It's been a great mystery to me throughout this process how Vincent's face can be so structured from some angles, and so full from others. Keeping a variety of shots around makes it easier to keep track, but making forms that satisfy all angles of the reference is really tricky.

http://i429.photobucket.com/albums/qq14/theskeletonshand/Vincent%20Price/IMG_4756_zpsu3wjuxsv.jpg

And that bring us up to date. That last shot was about 2am last night. I had been handling his cheeks all wrong, and it took bringing out the lifecast of a similarly aged actor I had worked with to figure it out. Now we're getting somewhere...I hope!


----------



## RoxyBlue (Oct 6, 2008)

Here's the last picture again:










Just a phenomenal sculpt, Mr C!


----------



## Mr_Chicken (Nov 26, 2008)

Thanks for the fix, Roxy


----------



## The Halloween Lady (Aug 18, 2010)

He is looking just spectacular. I am also really jealous of your 3D printer!


----------



## drzeus (Jun 25, 2011)

*Lifecast*

Wow! Incredible work Mr. Chicken!!!

I have always thought to dabble in sculpting but I wouldn't even know where to begin. I haven't done any since high school art class some, uh, 40 years ago!!

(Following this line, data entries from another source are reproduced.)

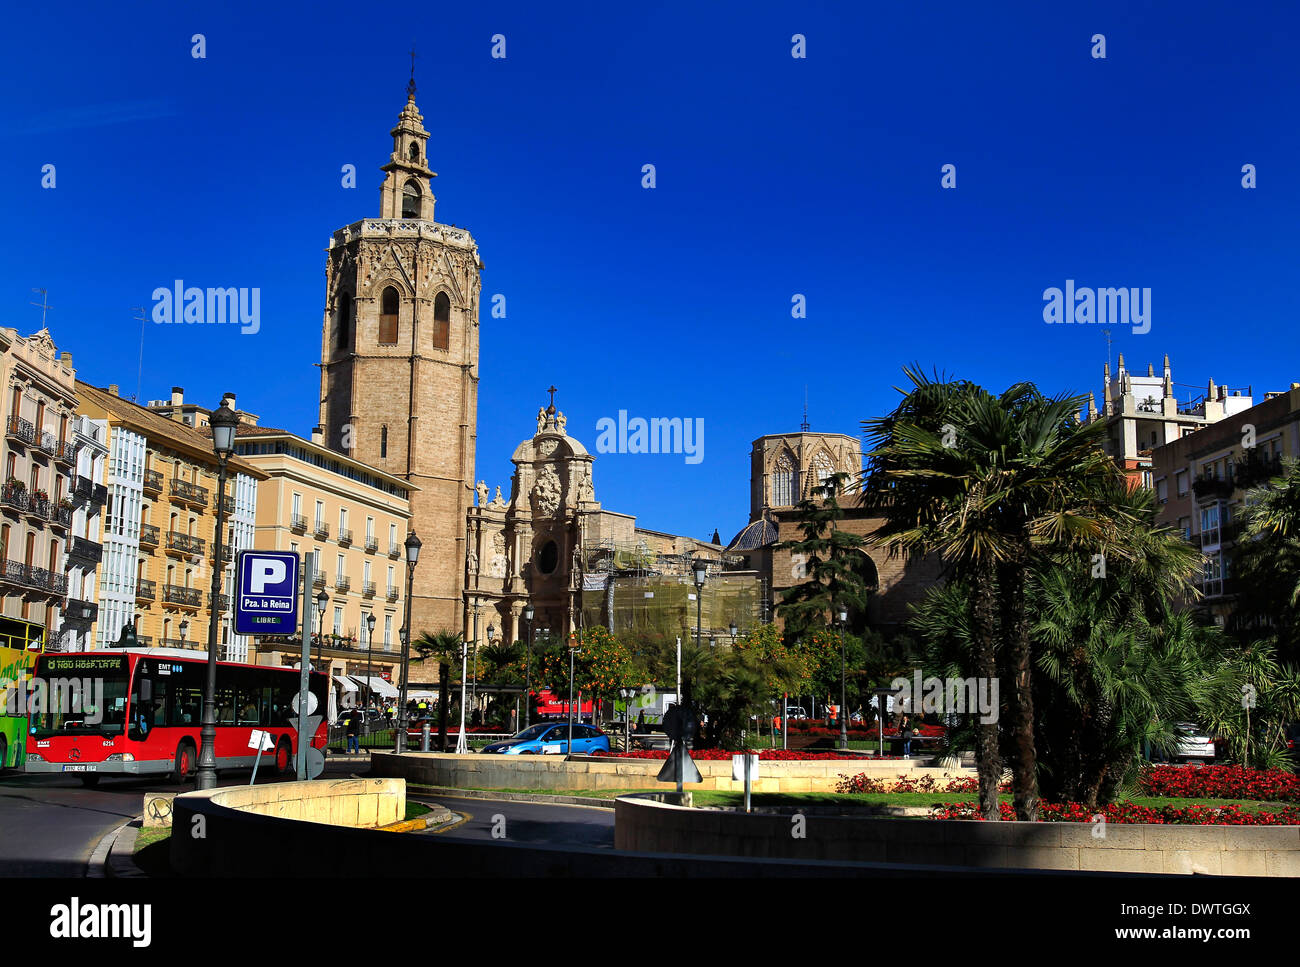 Une vue générale de la Plaza de la Reina, Valence, Espagne, le 6 février 2014. Photo de Sarah Sarah/Ansell Ansell la photographie. Banque D'Images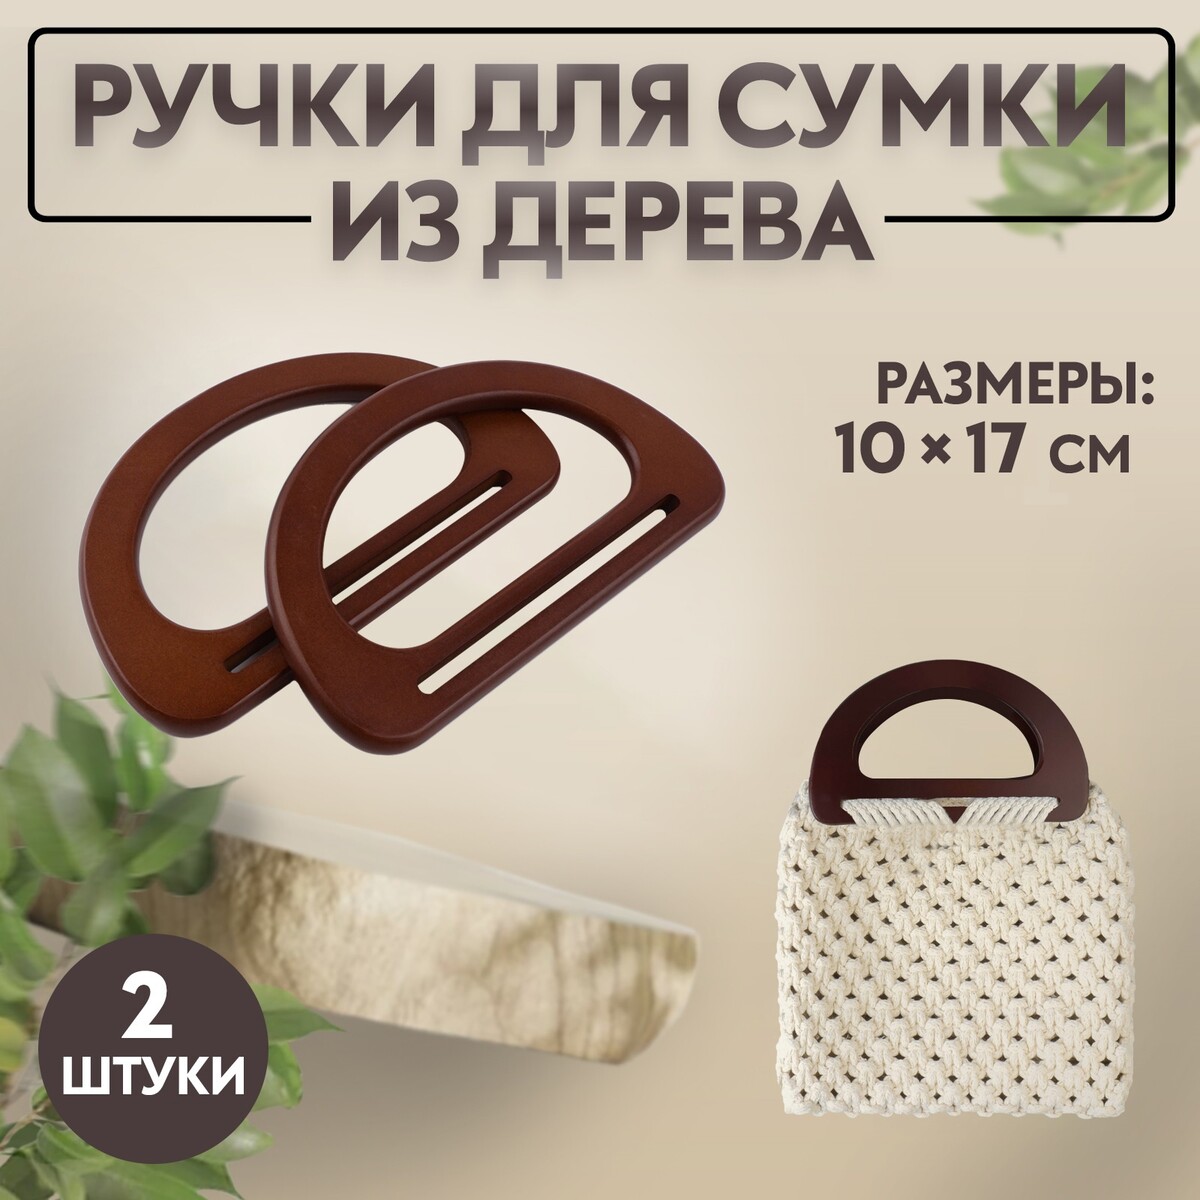 Ручки для сумки деревянные, 10 × 17 см, 2 шт, цвет темно-коричневый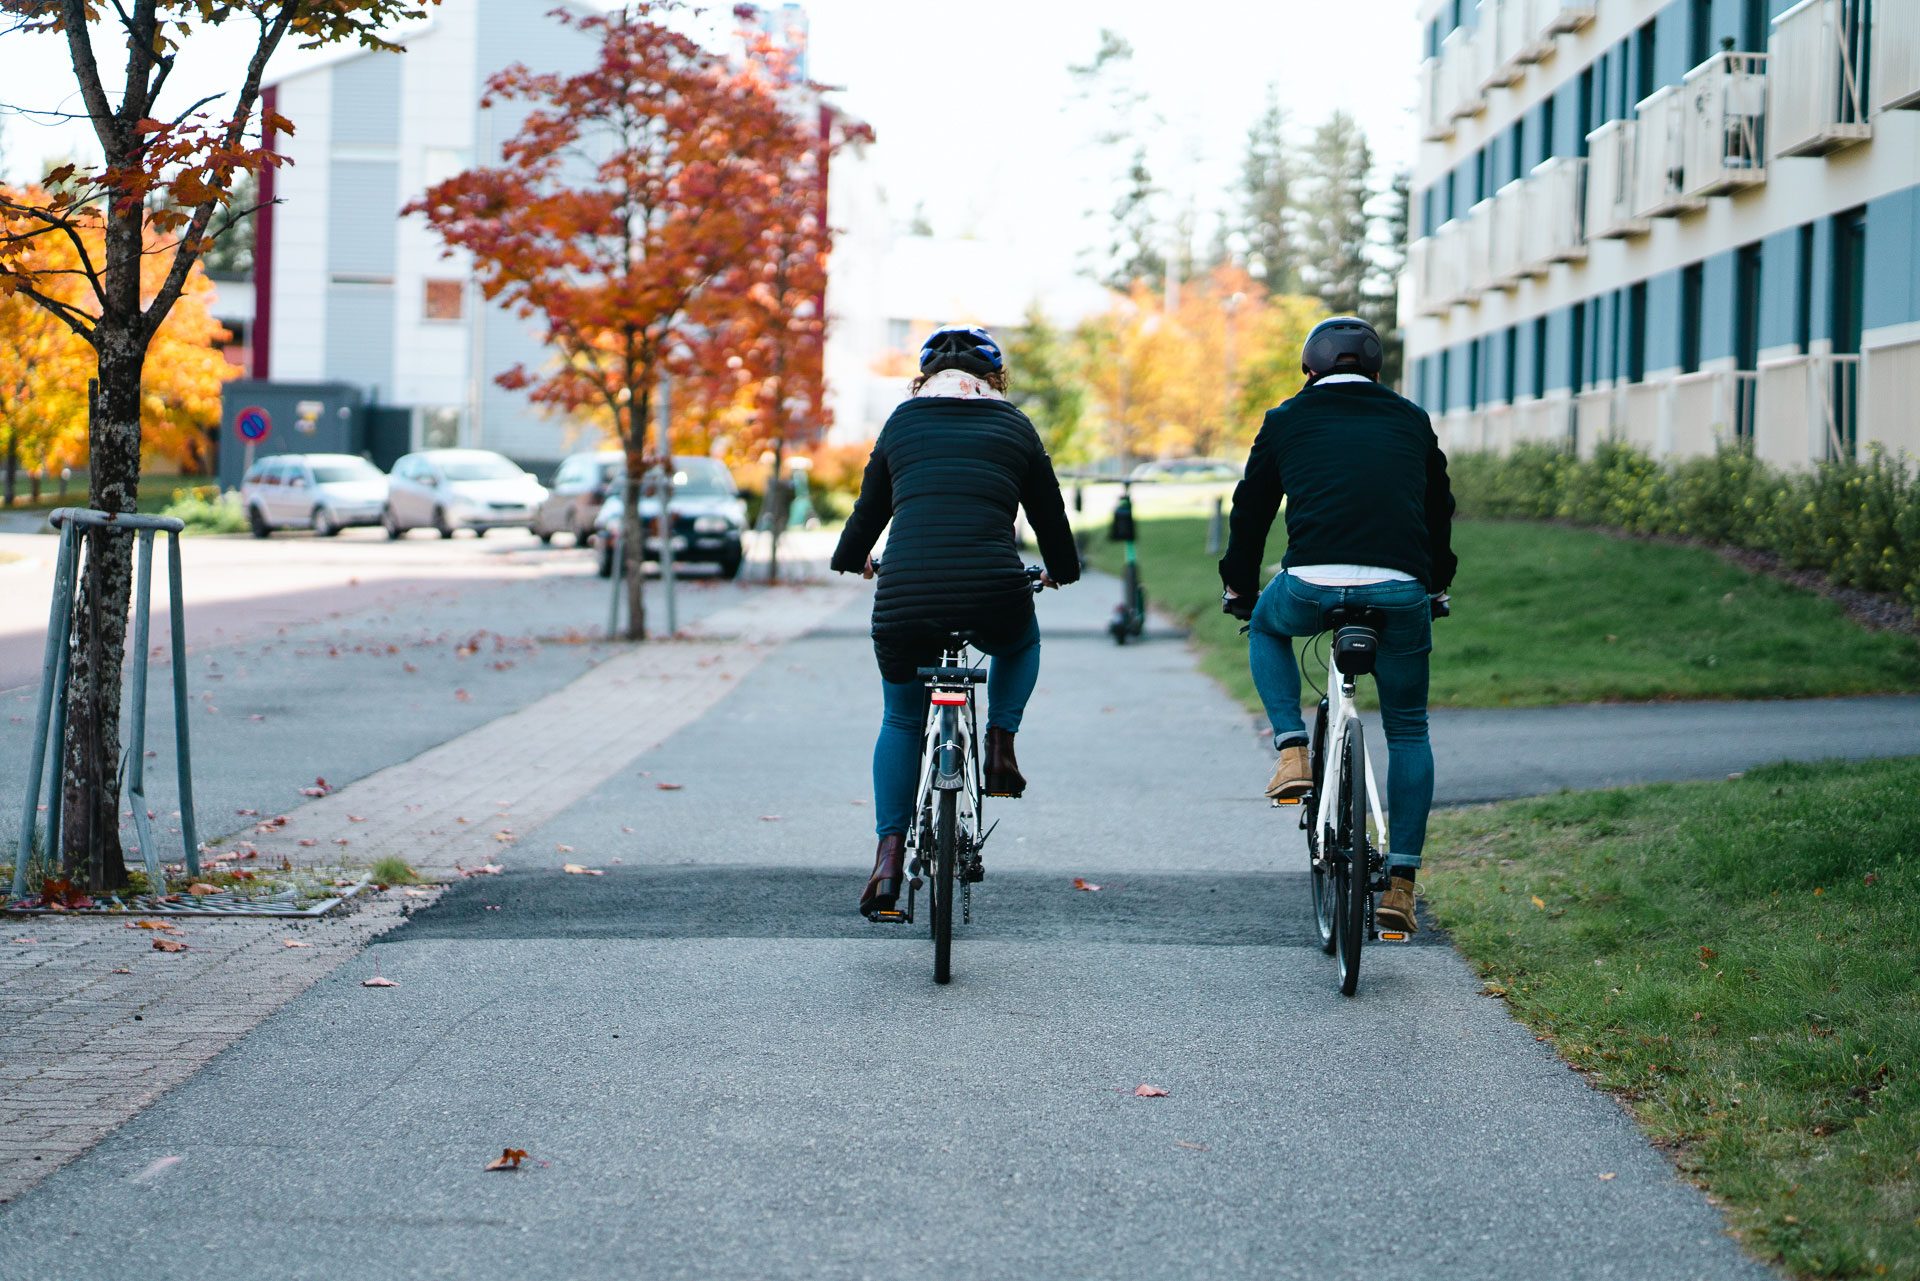 Kuvassa kaksi henkilöä ajaa polkupyörillä pois päin kamerasta kaupunkimaisemassa.

I'm not suggesting that your sculpt isn't nearly perfect but I have a plaster lifecast of a (much older?) Vincent if that could be of any help to you... I could ship it for your reference...

I also have Boris, Bela and Lon Jr. if you have any other aspirations...










Dr Zeus


----------



## Sawtooth Jack (Apr 9, 2011)

As always, amazing work Mr. C! Love the progress pics and really digging your use of the 3D printer. Been messing with one myself these days. Always good to come back to the forum and see so much wonderful new stuff!


----------



## Mr_Chicken (Nov 26, 2008)

Thanks for the feedback, everyone. Much appreciated.
Not much progress lately, but a friend of mine loaned me a really nice copy of a VP lifecast (the one DrZeus has). I think it 's about 10 years younger than the late 1950's Vincent that I'm sculpting, but it gives a good reference for the landmarks and dimensions on his face. I was actually surprised how close I was on the overall proportions. Most of the areas that are off are pretty much what I expected to find. It'll be an interesting challenge to balance this three dimensional reference with the photos that I've been using to capture the "right" version of him.


----------



## Sawtooth Jack (Apr 9, 2011)

I don't know how many generations of reproductions that life-cast has seen, but I'm really feeling the Mr. Price vibe more from your piece! Maybe it's the nose??? Either way, great work so far.


----------



## castart (Sep 3, 2014)

I was thinking the same thing that Sawtooth Jack said. You really have nailed something in your sculpture that is lacking in the lifecast. Seeing this makes me miss Vincent, he was almost like a family member.


----------



## forevermy3 (Sep 8, 2010)

WOWZA! Nice. I will see you at Scare LA ☺I'm taking your class.


----------



## Mr_Chicken (Nov 26, 2008)

See you there, forevermy3! Be sure to introduce yourself!

Mini non-update: Vincent is shelved for the time being while I work on other projects. I'd been staring at him too long to be able to make any sense of the sculpture. Hopefully that changes when I pick him back up again soon!


----------



## RoxyBlue (Oct 6, 2008)

^He'll let you know what he wants you to do, never fear:jol:


----------



## lukeicd15 (Jul 15, 2015)

*Amazing*

Vince...that looks awesome! Have you done this type of work professionally before?


----------